Dataset entries
■ ■ ■ ■ ■ ■ ■

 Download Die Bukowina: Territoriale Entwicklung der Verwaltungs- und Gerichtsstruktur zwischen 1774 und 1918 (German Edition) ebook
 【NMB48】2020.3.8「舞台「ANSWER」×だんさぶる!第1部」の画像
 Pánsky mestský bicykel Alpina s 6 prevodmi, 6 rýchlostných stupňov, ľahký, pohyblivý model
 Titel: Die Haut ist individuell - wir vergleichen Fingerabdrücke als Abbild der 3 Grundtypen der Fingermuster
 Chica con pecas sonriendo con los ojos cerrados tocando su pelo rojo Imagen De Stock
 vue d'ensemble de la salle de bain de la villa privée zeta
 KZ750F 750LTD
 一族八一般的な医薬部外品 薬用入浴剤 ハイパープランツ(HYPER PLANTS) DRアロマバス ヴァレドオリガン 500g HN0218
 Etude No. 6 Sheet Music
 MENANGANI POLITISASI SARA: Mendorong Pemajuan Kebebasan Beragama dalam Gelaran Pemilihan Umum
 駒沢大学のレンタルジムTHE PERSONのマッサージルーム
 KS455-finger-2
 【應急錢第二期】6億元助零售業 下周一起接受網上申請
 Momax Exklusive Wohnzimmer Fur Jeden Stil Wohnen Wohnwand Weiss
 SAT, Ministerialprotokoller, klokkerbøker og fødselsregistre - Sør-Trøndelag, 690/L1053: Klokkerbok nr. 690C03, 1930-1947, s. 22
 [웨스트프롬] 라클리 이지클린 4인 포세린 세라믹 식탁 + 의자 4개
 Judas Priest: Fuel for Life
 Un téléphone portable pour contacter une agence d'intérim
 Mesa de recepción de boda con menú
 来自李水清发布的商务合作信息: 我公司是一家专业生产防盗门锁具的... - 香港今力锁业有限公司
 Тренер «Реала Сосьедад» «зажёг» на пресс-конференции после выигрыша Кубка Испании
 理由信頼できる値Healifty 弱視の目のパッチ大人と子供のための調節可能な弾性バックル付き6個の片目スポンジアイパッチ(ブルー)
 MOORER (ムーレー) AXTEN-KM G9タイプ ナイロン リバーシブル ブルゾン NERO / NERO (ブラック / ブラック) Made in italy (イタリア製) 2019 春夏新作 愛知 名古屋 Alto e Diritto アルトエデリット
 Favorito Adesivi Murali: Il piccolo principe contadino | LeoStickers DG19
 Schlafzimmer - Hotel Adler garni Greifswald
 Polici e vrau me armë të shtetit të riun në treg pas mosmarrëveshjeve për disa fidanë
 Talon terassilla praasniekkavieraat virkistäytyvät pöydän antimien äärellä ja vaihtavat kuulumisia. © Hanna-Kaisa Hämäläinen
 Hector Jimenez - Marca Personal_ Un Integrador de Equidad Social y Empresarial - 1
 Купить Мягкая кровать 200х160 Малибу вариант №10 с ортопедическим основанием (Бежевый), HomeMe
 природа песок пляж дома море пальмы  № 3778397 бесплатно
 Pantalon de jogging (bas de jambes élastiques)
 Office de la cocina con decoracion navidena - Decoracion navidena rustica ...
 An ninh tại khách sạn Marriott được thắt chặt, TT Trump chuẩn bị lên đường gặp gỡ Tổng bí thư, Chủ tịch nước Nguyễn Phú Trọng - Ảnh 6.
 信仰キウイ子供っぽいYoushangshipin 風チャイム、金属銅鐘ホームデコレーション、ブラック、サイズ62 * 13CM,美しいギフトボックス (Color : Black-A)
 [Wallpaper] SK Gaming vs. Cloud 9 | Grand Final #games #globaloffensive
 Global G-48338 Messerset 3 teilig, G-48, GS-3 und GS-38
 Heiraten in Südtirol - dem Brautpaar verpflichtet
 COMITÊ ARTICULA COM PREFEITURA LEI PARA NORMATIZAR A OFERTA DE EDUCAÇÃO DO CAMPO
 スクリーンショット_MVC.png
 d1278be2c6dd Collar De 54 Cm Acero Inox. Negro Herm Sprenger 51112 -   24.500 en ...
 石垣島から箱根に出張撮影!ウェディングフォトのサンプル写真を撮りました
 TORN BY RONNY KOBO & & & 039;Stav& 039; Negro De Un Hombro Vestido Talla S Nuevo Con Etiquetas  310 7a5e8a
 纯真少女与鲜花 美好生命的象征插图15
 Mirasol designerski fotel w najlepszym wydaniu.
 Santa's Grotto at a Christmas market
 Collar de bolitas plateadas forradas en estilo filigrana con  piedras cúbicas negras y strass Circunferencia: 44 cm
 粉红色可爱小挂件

■ ■ ■ ■ ■ ■ ■

• TRY IT
Gather up the lines containing the word "ブラック" from these records and copy them.

• YOUR RESPONSE
 MOORER (ムーレー) AXTEN-KM G9タイプ ナイロン リバーシブル ブルゾン NERO / NERO (ブラック / ブラック) Made in italy (イタリア製) 2019 春夏新作 愛知 名古屋 Alto e Diritto アルトエデリット
 信仰キウイ子供っぽいYoushangshipin 風チャイム、金属銅鐘ホームデコレーション、ブラック、サイズ62 * 13CM,美しいギフトボックス (Color : Black-A)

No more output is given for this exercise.